2020-06-19: Data Visualization Fall 2019 Projects

(Previous semester Information Visualization highlights posts: Fall 2017, Spring 2017, Spring 2016, Spring 2015, Spring/Fall 2013, Fall 2012, Fall 2011)

In Fall 2019, I introduced CS 625: Data Visualization, a new graduate-level visualization course. (This course was taught in a flipped+hybrid manner, as I described in an earlier blog post.) We used the same textbook, Tamara Munzner's Visualization Analysis and Design, as in my previous CS 725/825 Information Visualization courses, but this course was designed to be a gentler introduction to visualization and data analysis. We focused on basic visualization design principles and on how to ask good questions rather than D3 programming. Students were allowed to use whatever tool they wished, but I emphasized clear design no matter what tool was used. Over the course of two assignments (HW7, HW8), students developed questions about real-world data, developed a draft visualization, and then refined the visualization based on feedback. I wanted to highlight three of the visualizations that were developed.

"How does race of the household owner affect household income?"
Created by Tina Heinich

This visualization explored interesting trends in American household income brackets using data from the US Census Bureau (source: https://www.census.gov/data/tables/2019/demo/income-poverty/p60-266.html).  Through her exploration of the data, Tina was surprised to discover that the percentage of Asian households making over $200k per year increased dramatically since 1987, especially compared to the percentages of White and Black households.

Tina used the principles of small multiples to compare the different aspects of the dataset.  Both the x and y axis ranges are the same across all three charts. Since the trends were the most important point, she used multiple line charts and highlighted the interesting attribute ("Over 200k") with a thicker line. She also wrote a headline that grabbed the reader's attention and expressed the main point of the chart. The subtitle explained the data shown in the charts, and she also included a link to the data source below the chart.

Tina used Excel to create this small multiples chart and ColorBrewer to help pick the colors.

"What is the impact of global warming on storm frequency over the years?"

To answer this question, Himarsha combined data from two datasets:
Himarsha used line charts with x-axes aligned to compare the number of tropical storms per year with the global temperature per year. To show the trend of hurricanes with different intensities over the years, she included small multiples of the number of storms in each hurricane category (Cat 1 weakest, Cat 5 strongest) along with a trend line. Finally, to make a direct comparison of number of tropical storms and global temperature, she included a scatterplot of those two variables along with a trend line that clearly shows positive correlation - as the temperature increases, so does the number of tropical storms. Himarsha's headline emphasized the main point of the visualization, and the subtitle provided additional detail.

Himarsha used R to create these charts and Data Color Picker to help choose the colors.

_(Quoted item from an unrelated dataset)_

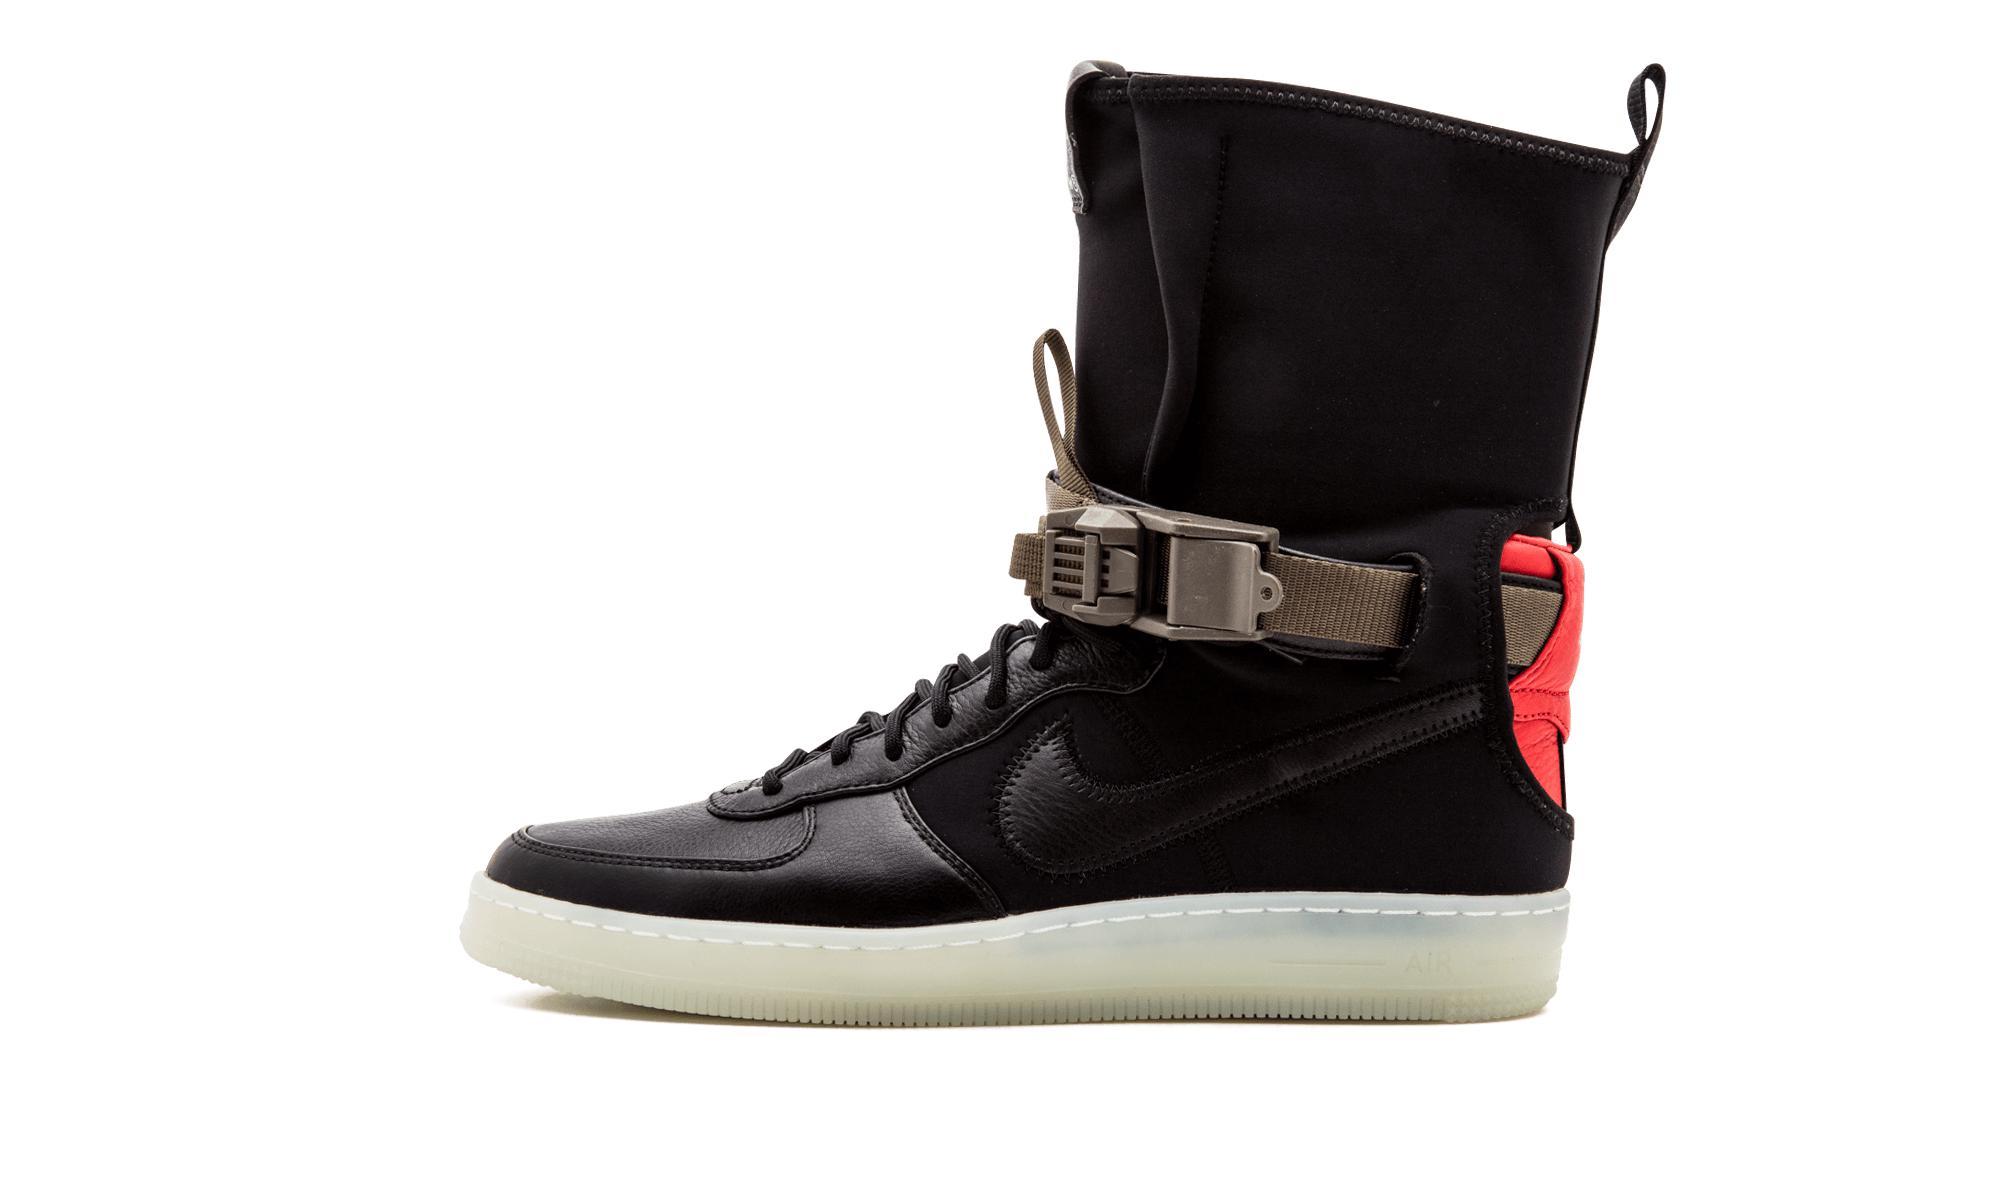 c41b9e03844 Lyst - Nike Af1 Downtown Hi Sp acronym in Black for Men - Save 40%
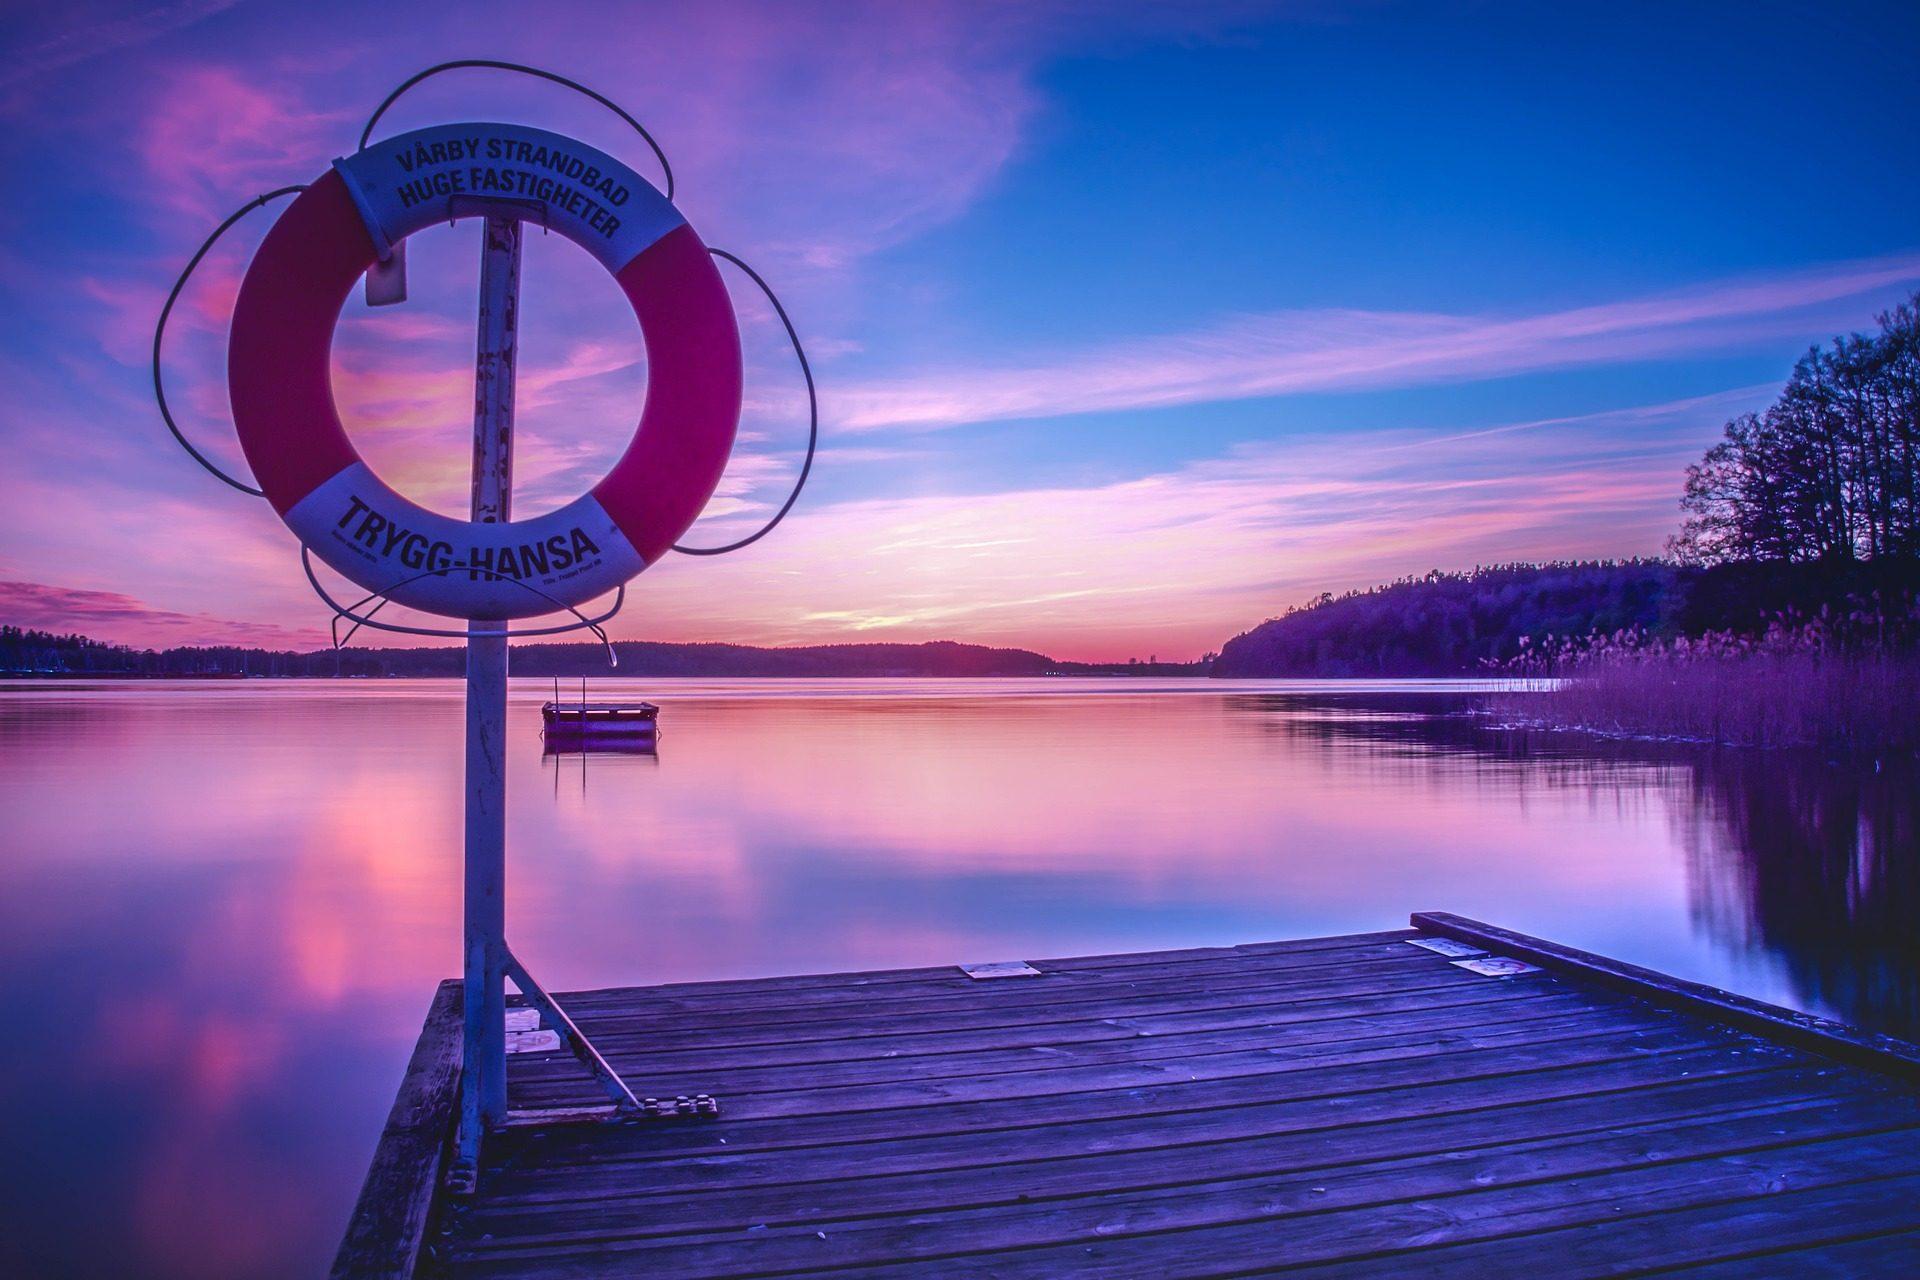 lago, muelle, salvavidas, flotador, barca, calma, serenidad - Fondos de Pantalla HD - professor-falken.com

"Do the most popular genres of games have a correlation between having a high critical score and earning many sales?"
Created by Kenneth Diedrich

Kenneth investigated video game ratings, sales data, and release dates available on Kaggle that had been scraped from Metacritic and VGChartz (sources: https://www.kaggle.com/kendallgillies/video-game-sales-and-ratings and https://www.kaggle.com/rgwegwegwe/vgsaledata).

Kenneth focused on the three most popular genres (Action, Shooter, and Sports) based on the number of games released and only on games released between 2010-2015.  He built a scatterplot matrix broken down by genre (horizontal grouping) and ESRB rating (vertical grouping). Each chart showed the scores from critics along the x-axis and global lifetime sales on the y-axis. Since scatterplot matrices are essentially small multiples, the x and y axis ranges were the same across all of the charts. Kenneth did a nice job at using color to highlight the genre, using red for Action, blue for Shooter, and green for Sports. The trend lines showed that games in the Action category had better sales with higher critic ratings, which wasn't true across the board for the other genres. Kenneth wrote a headline that expressed the main finding in the visualization and a subtitle that explained the constraints on the data in the charts. He also included information about the sources of his data.

Kenneth used R to create this chart.